Eric S. Brown: "It was an honor to be asked to be a part of this anthology. I had been longing for a chance to write some short fiction again and this was the perfect chance to do so. My time had been being spent mostly with giant monster fiction (aka- my newer books: Kraken, Kraken Island, and Kraken vs. Megalodon). The tales in the book from me are all wildly random horror scenarios that came to me after I got invited to be in the book. They range from an end of the world Kaiju story to straight up ‘military horror’. I had a great deal of fun writing them."

Philip C. Perron: "Pentagonal Sextet is just a splendid book.  For my part, I love writing about the brooding and the melancholy and so, not too oddly, four of my five tales are like that. But also I noticed something else, that two of them became something different.  The story ‘The Fields of Salvation’ is about an Asian woman who has the genetic difference of albinism.  I thought about what would make someone stand out and therefore attract unnecessary attention.  As Asian folk go, hair and eye diversity is completely different than Caucasians.  So being an individual with albinism would most certainly look exotic, and in some cases would bring unwanted attention.  For the tale ‘Dolly, Do I Have a Soul?’, I chose to base the tale in the not so distant future where the lead woman is actually a clone of her own mother.  But more interestingly, its a world where cloning, at least in the states, is frowned upon.  So unfortunately for her, she has become a target of both progressives and conservatives since one side is against science gone amuck while the other may hold more traditional religious beliefs.  Honestly, there was no intention, but both tales when I re-read them for inclusion in this collection, surprised me in how they were both in ways an allegory for the LGBT community and how being a bit different can sometimes bring unwanted attention.  And both tales show two sides of a coin: the struggle of not hiding one’s identity while in the other, hiding one’s identity.  ‘The Fields of Salvation’ is about a young recently married woman who just happens to have the condition of albinism that she can't hide from, while in ‘Dolly, Do I Have a Soul?’, the woman is intentionally hiding from her own identity (that of a clone) so she can just live a normal life away from being judged.  I hope folks who read my stories take something with them after they put the book down, even if my intentions were only to just write five fabulous little tales of the weird."
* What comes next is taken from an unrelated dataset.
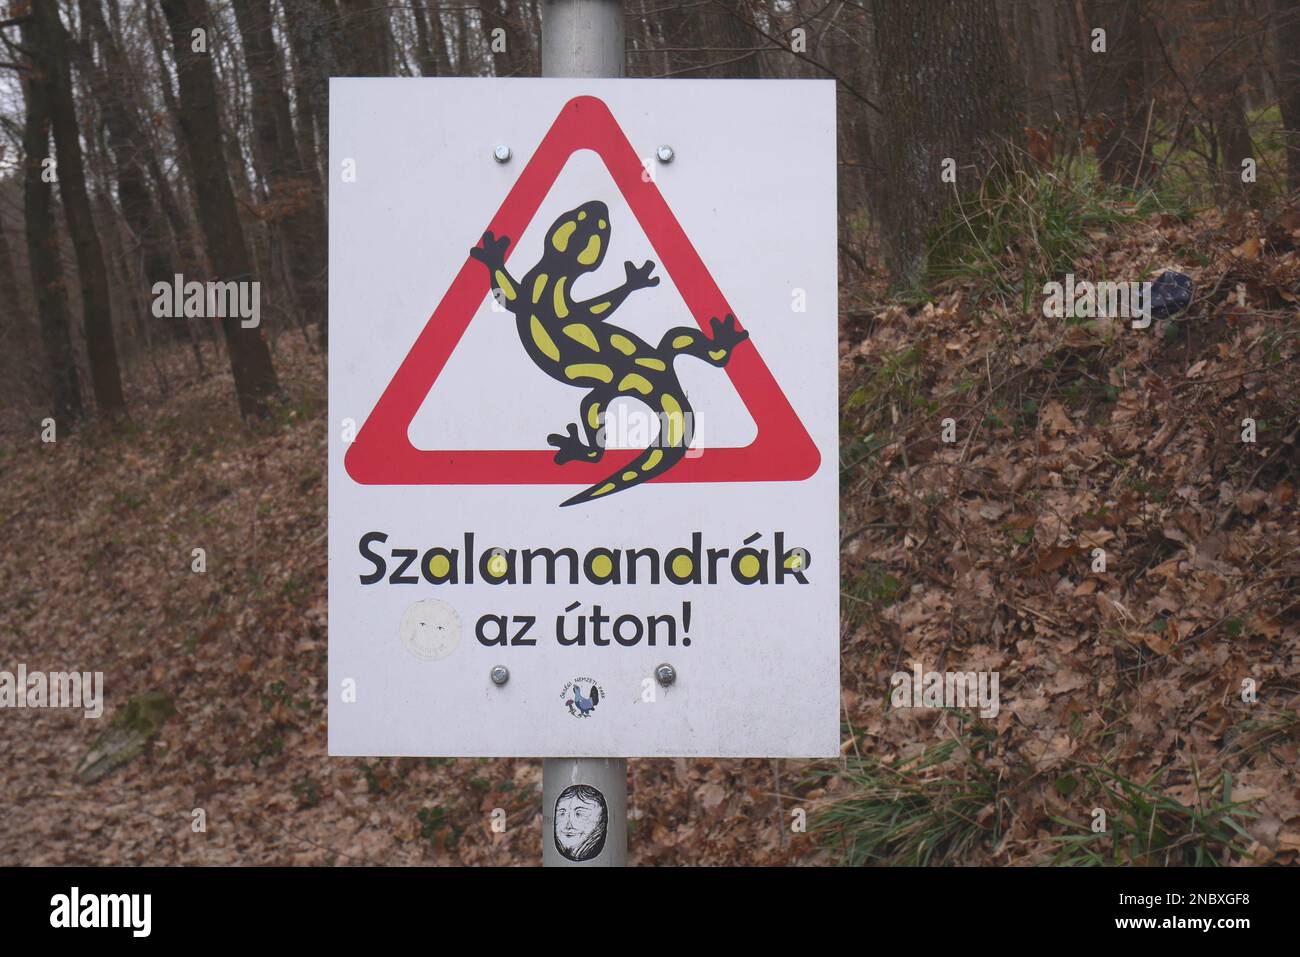 Le panneau de signalisation routière en hongrois avertissant les conducteurs que des salamandres d'incendie (salamandra salamandra) peuvent être sur la route, Koszeg Hills, Hongrie Banque D'Images

E.G. Smith: "With ‘The Stick Devils’, I set out to write a story both longer and more action-packed than my previous work, with multiple frantic action scenes separated by reflective lulls . The Pacific Northwest setting is common in my writing, as is the man-against-nature theme and the eager toady versus know-it-all leader character conflict. The greatest challenge of this story was researching illicit pot growing to ensure that the dialog was accurate and the plot plausible. (And like any horror writer, I hope that the FBI, DEA or any other three letters don't look into my browser history. ‘I was just doing research for a story, officer.’)  It turns out that marijuana plants are oily and highly flammable, which helped drive the story's fiery climax. While I must give a nod to Joe Lansdale's Bubba Ho-Tep for the improvised flame thrower idea, I think that my story might be the first one with a hero running around with a stick through his neck while high on smoke from a burning pot farm."